Der Rettungsdienst wurde in 24 Stunden 240-mal alarmiert, davon 62 Einsätze mit Notarzt. Feuerwehr hatte 12 Brandeinsätze, 19 Hilfeleistungen und 2 Fehlalarme.
Kaitz: Einsatzgeschehen von Feuerwehr und Rettungsdienst in Dresden

Dresden (ost)
Rettungsdienst
In den letzten 24 Stunden gab es insgesamt 240 Alarmierungen für den Rettungsdienst. In 62 Fällen war ein Notarzt erforderlich. Darüber hinaus führte das Rettungspersonal 175 qualifizierte Krankentransporte durch. Der Rettungshubschrauber wurde vier Mal alarmiert.
Feuerwehr
Die Feuerwehr Dresden wurde in derselben Zeitspanne zu 12 Brandeinsätzen, 19 Hilfeleistungen und zwei Fehlalarmen durch automatische Brandmeldeanlagen gerufen.
Rauchentwicklung in Wohngebäude durch Schornsteinbrand
Wann? 27. März 2026, 17:20 – 19:13
Wo: Quorener Straße, Bühlau
Beim Eintreffen des Löschzuges der Feuer- und Rettungswache Striesen waren bereits Einsatzkräfte der Stadtteilfeuerwehr Bühlau vor Ort. Das Gebäude war zu diesem Zeitpunkt evakuiert. Ein Trupp unter Atemschutz überprüfte den Schornstein und die Feuerstelle. Glühendes Material wurde über die Revisionsöffnung entfernt und nach draußen gebracht. Es gab keine weitere Ausbreitung. Aufgrund der Baustruktur war der Einsatz einer Drehleiter nicht möglich.
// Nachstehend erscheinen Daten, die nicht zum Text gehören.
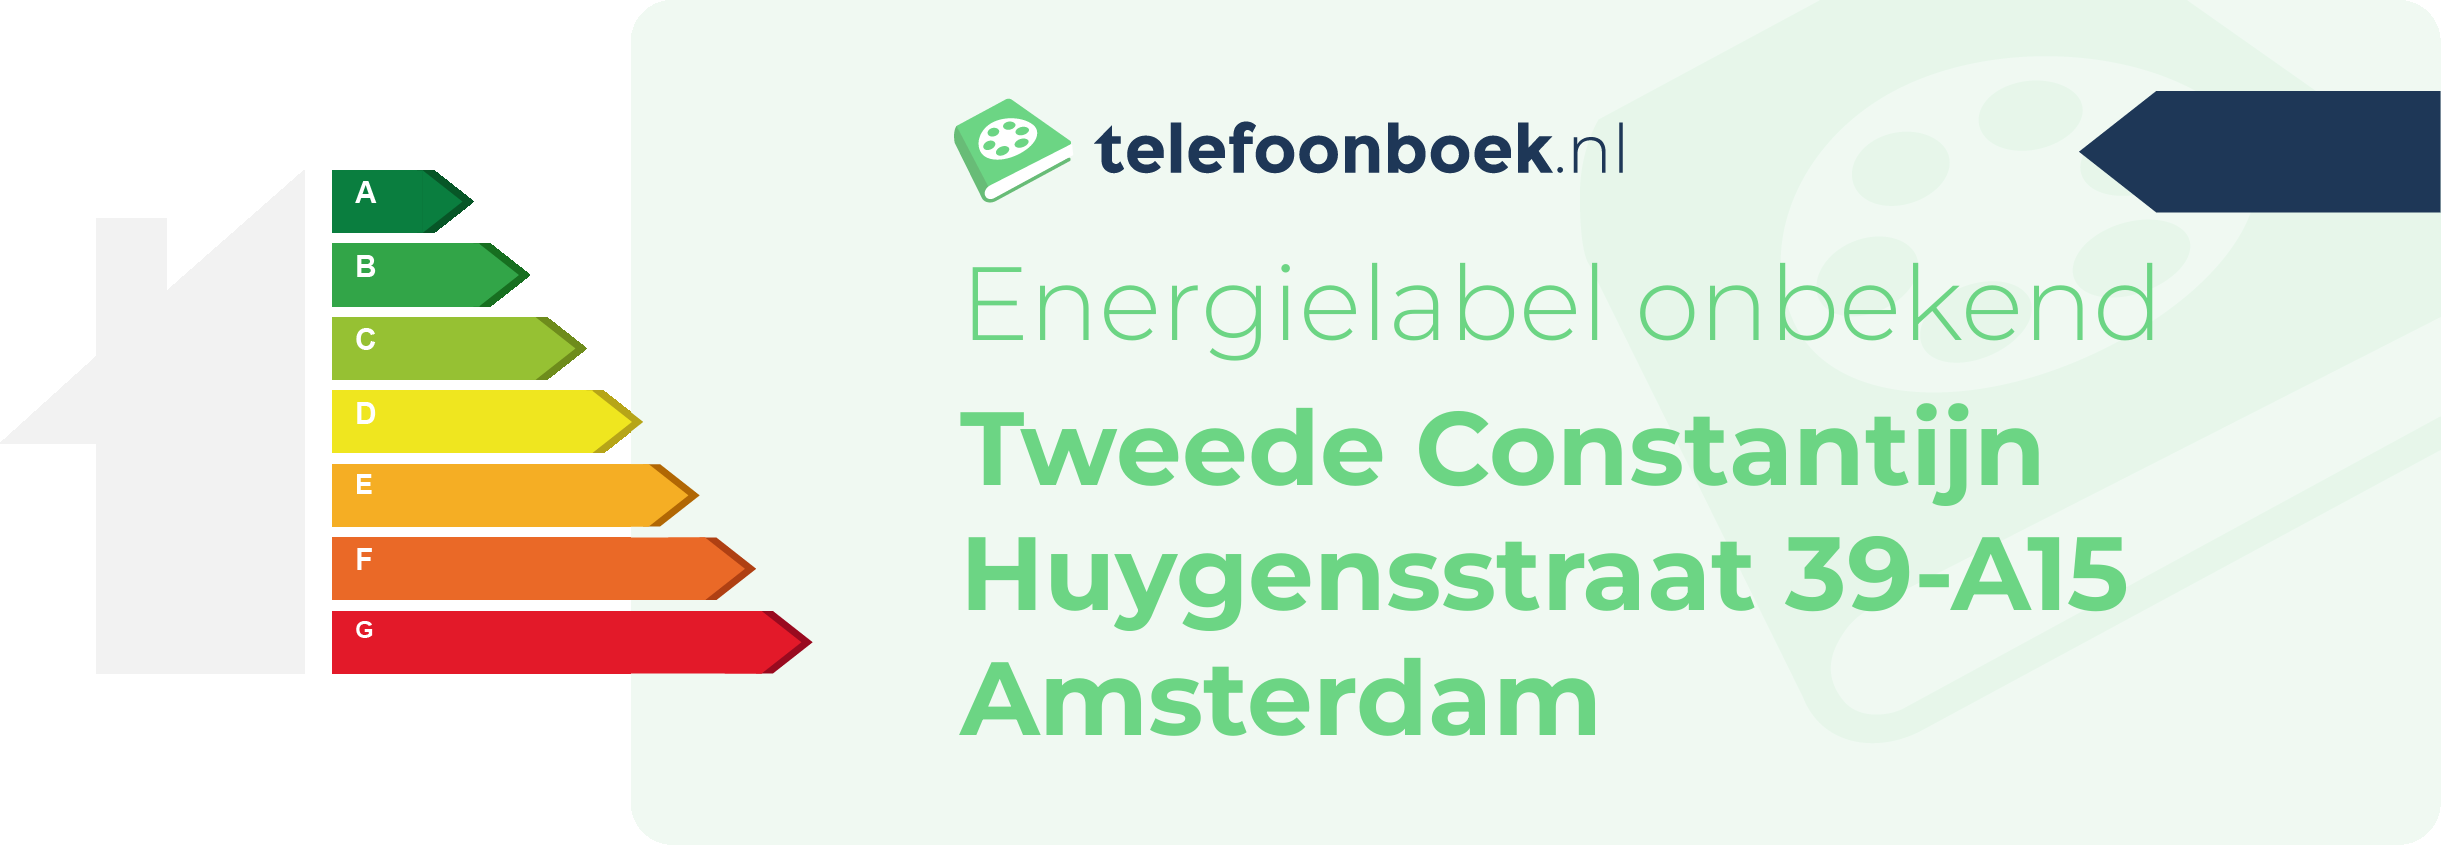 Energielabel Tweede Constantijn Huygensstraat 39-A15 Amsterdam

Der Schornstein wurde daher zusätzlich mit einem Teleskopspiegel und über die Dachluke kontrolliert – ohne Auffälligkeiten. Messungen mit einem Mehrgaswarngerät waren unauffällig. Das Gebäude wurde belüftet und die Einsatzstelle an den Schornsteinfeger übergeben. Insgesamt waren 30 Einsatzkräfte beteiligt.
Schornsteinbrand
Wann? 27. März 2026, 18:41 – 21:05 Uhr
Wo: Eigenheimberg, Mockritz
Als die Einsatzkräfte am Einsatzort ankamen, brannte der Schornsteinkopf eines Wohngebäudes in voller Ausdehnung. Das Feuer hatte bereits auf Teile der Dachkonstruktion übergegriffen. Nach der ersten Lageerkundung handelte es sich nicht um einen Brand im Schornsteinzug, sondern um die Verkleidung des Schornsteins. Die Brandbekämpfung erfolgte über eine Drehleiter und im Innenangriff mit einem Trupp unter Atemschutz. Teile der Dachhaut im Bereich des Schornsteins wurden geöffnet, um Glutnester gezielt zu löschen. Eine Ausbreitung auf den gesamten Dachstuhl konnte verhindert werden. Die betroffenen Schornsteinzüge wurden gesichert, die Elektroanlage in den Dachgeschossen abgeschaltet. Der Kaminofen wurde geleert und die verbliebene Glut außerhalb des Gebäudes gelöscht. Die Einsatzstelle wurde dem Eigentümer übergeben. Weitere Maßnahmen wurden in Absprache mit dem Schornsteinfeger getroffen. Es waren 30 Einsatzkräfte der Feuer- und Rettungswachen Altstadt, Übigau und Löbtau, des U-Dienstes und der Stadtteilfeuerwehr Kaitz im Einsatz.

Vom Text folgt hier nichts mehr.